Britain is one of the most humane nations in the world. Despite its challenges, it’s undoubtedly a blessed country, rich in culture and radiant in colour. But to what degree is this richness manifest in the hierarchy of progression?

Whilst the opportunity to be part of an institution such as the LSE is in itself a privilege; to be judged, assessed and promoted on the strength of one’s ability is not, it is an inalienable right undoubtedly conferred by that opportunity. LSE is openly celebratory of its commitment to diversity, but how much of that diversity is reflected in its hierarchy? If the bar must be equal – with the same standards for women as they are for men, then it must be seen to be equal for all – men, women, black, white or brown.
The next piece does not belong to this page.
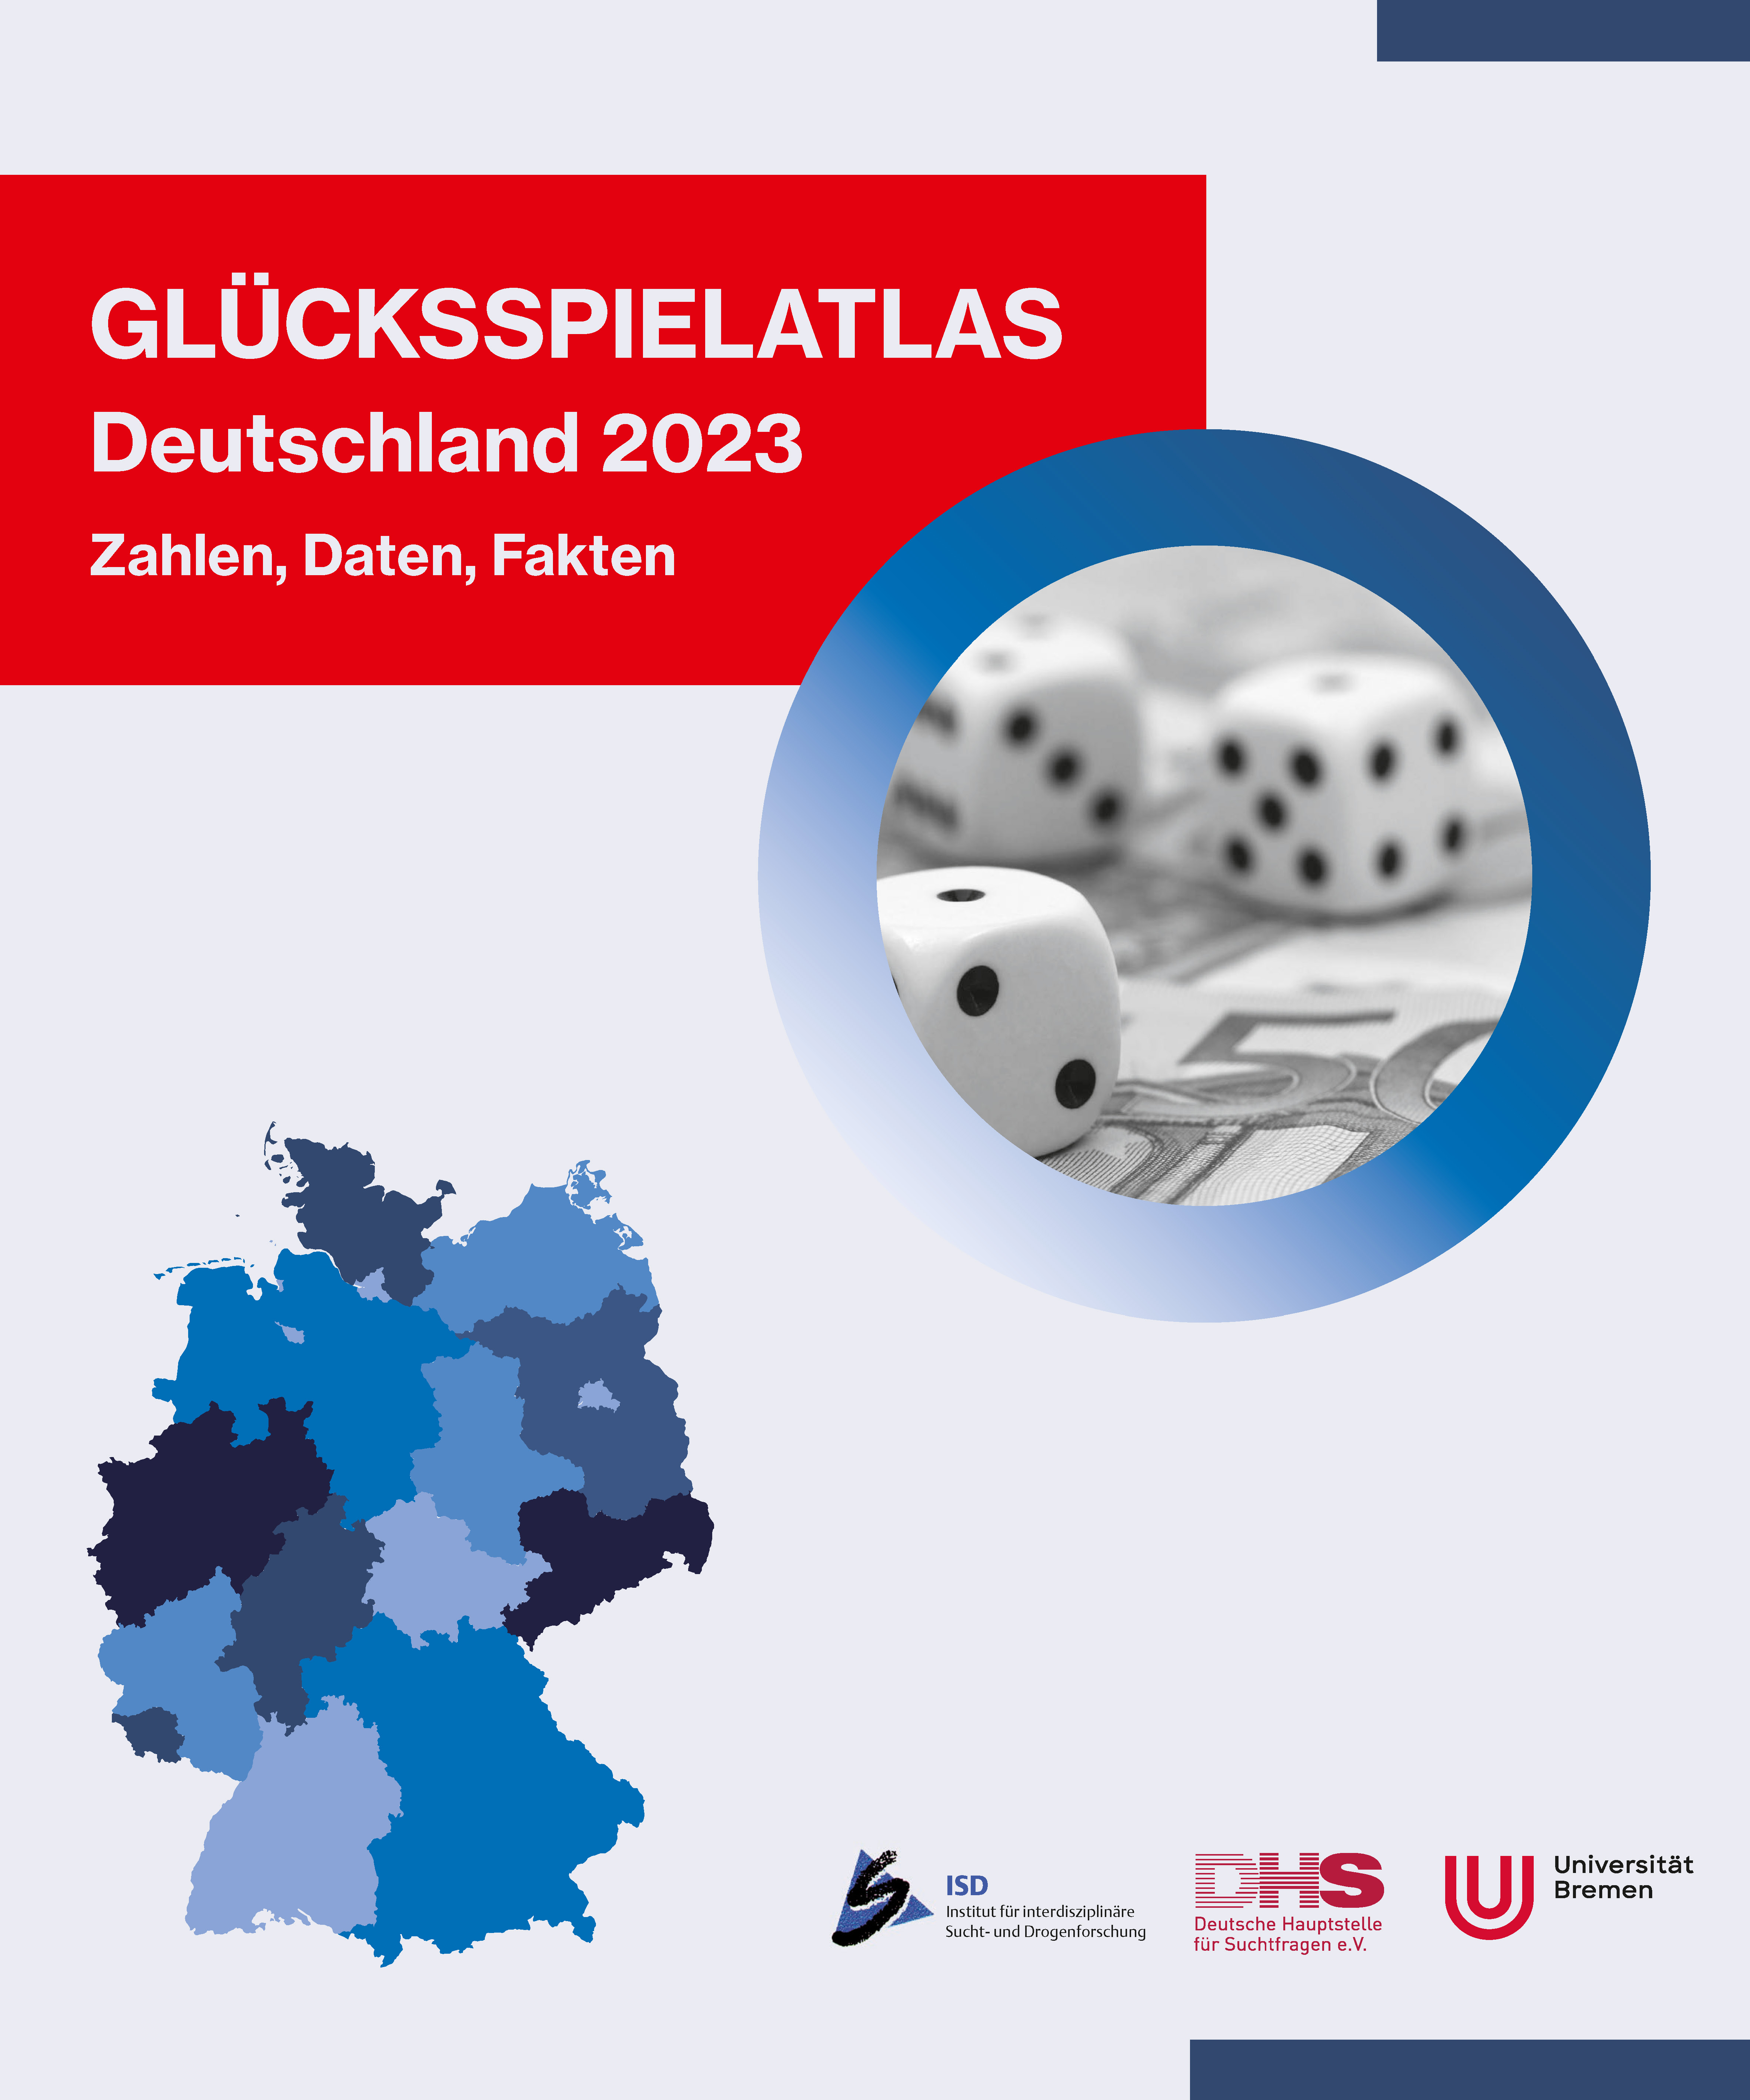 Glücksspielatlas Deutschland 2023

The term ‘equal opportunities’ needs to be rethought, for if we say that all men and women are equal, then this must apply to all, regardless of race and gender. Equal opportunity forms appear to have become mere procedural boxes to tick, whilst applicants remain completely oblivious of whether or not they go any farther than the recycling bin.

The use of quotas, though in good faith, are not the solution. There is the risk of ‘tokenism’ and the tendency for one to be judged on the basis of collective limitation, rather than individual ability. The latter is not only important, but essential, for most would rather be judged on the strength of their individual ability, worth and contribution to organisational growth and development.
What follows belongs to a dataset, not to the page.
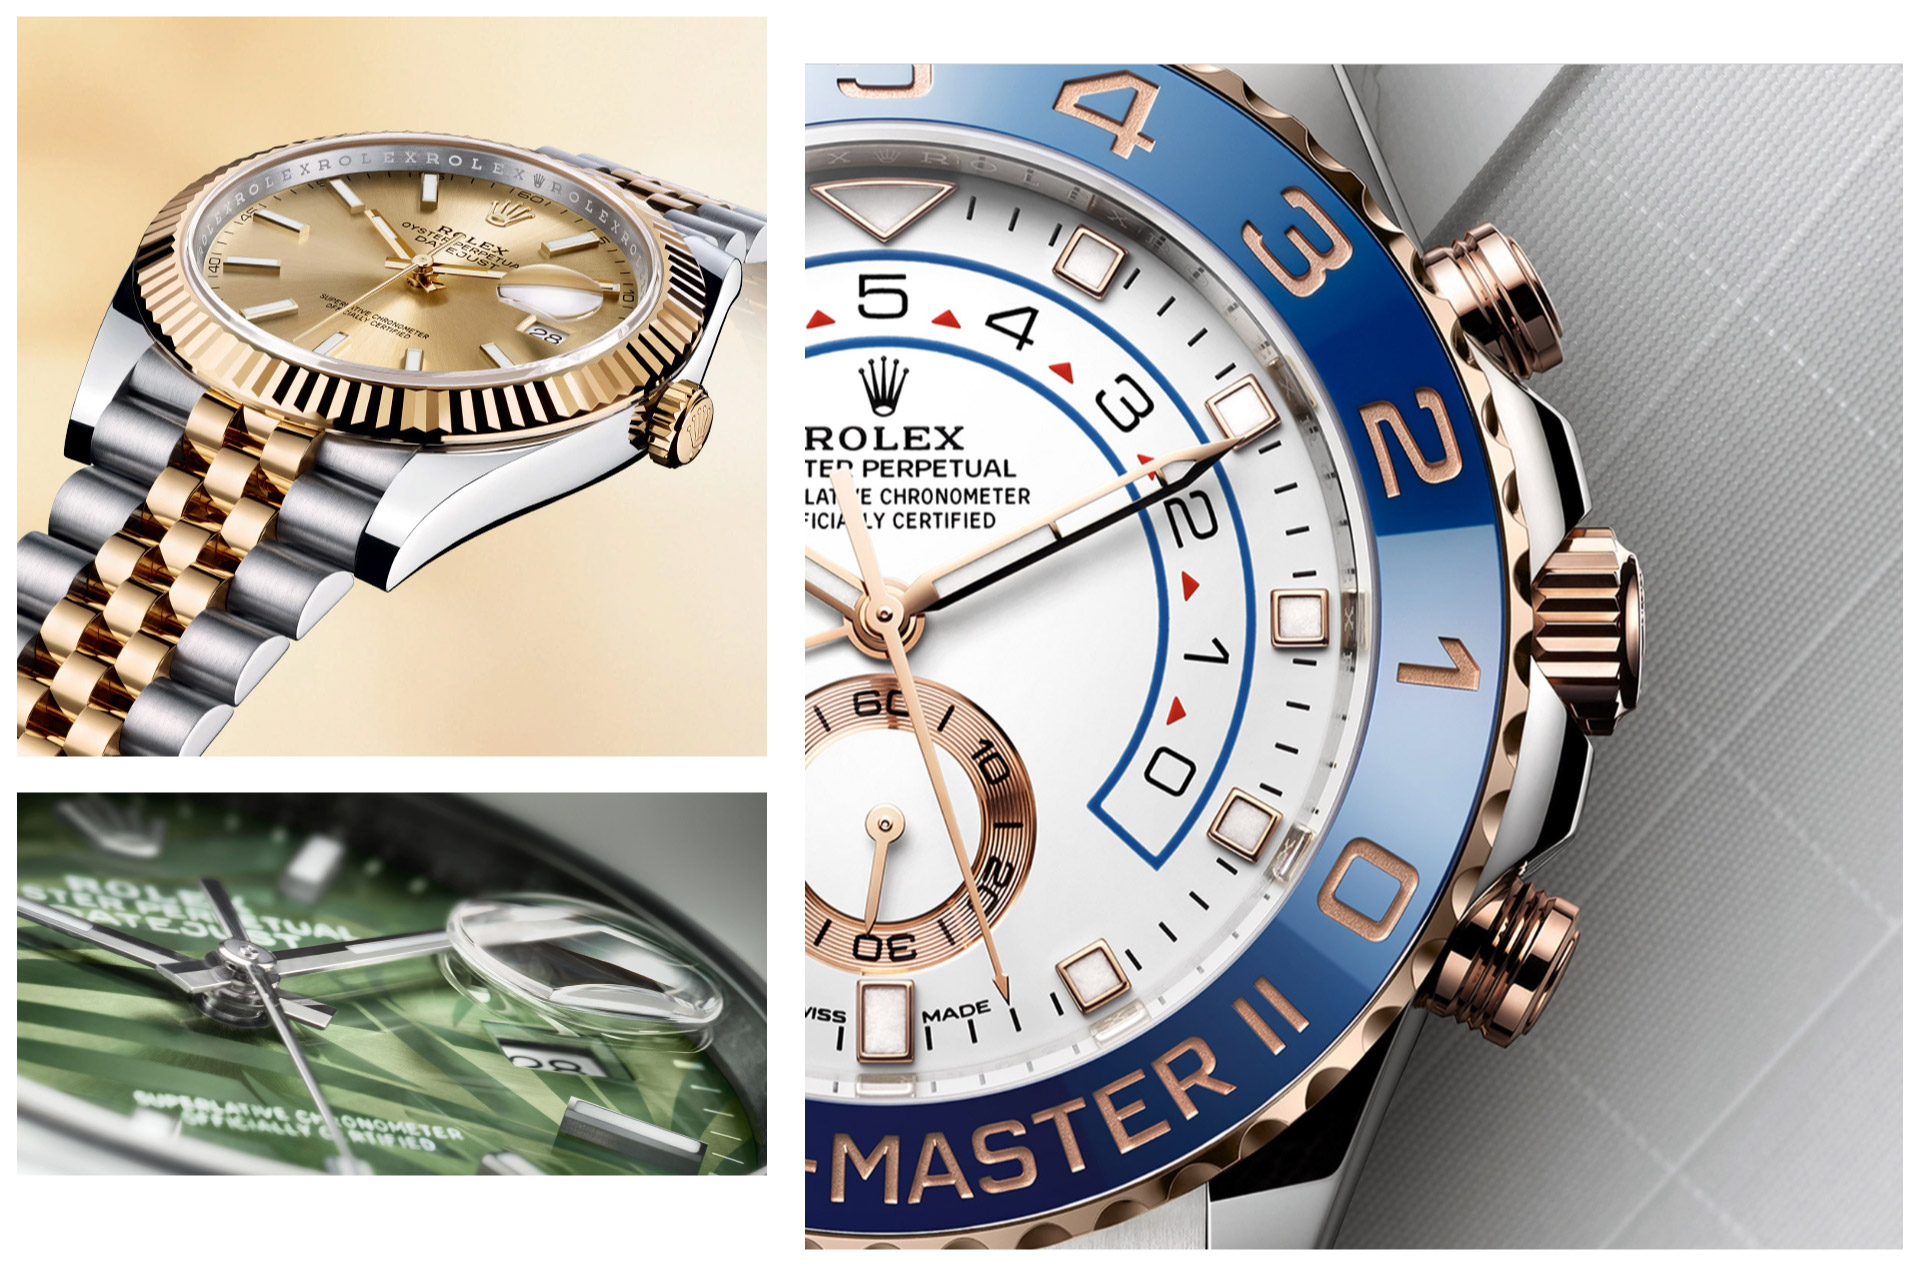 đồng hồ Rolex fake 1-1 Datejust 116231

These are no idealistic or simplistic approaches, but rather a firm and transparent rhetorical and actionable alignment with the values for which we exist, espouse and remain firmly committed – equal opportunities for all – regardless of race or gender. Anything short of that is institutional hypocrisy.

Excerpted with permission from Dr Vanessa Iwowo’s lecture ‘Black Women in Leadership’ on 22 October 2015.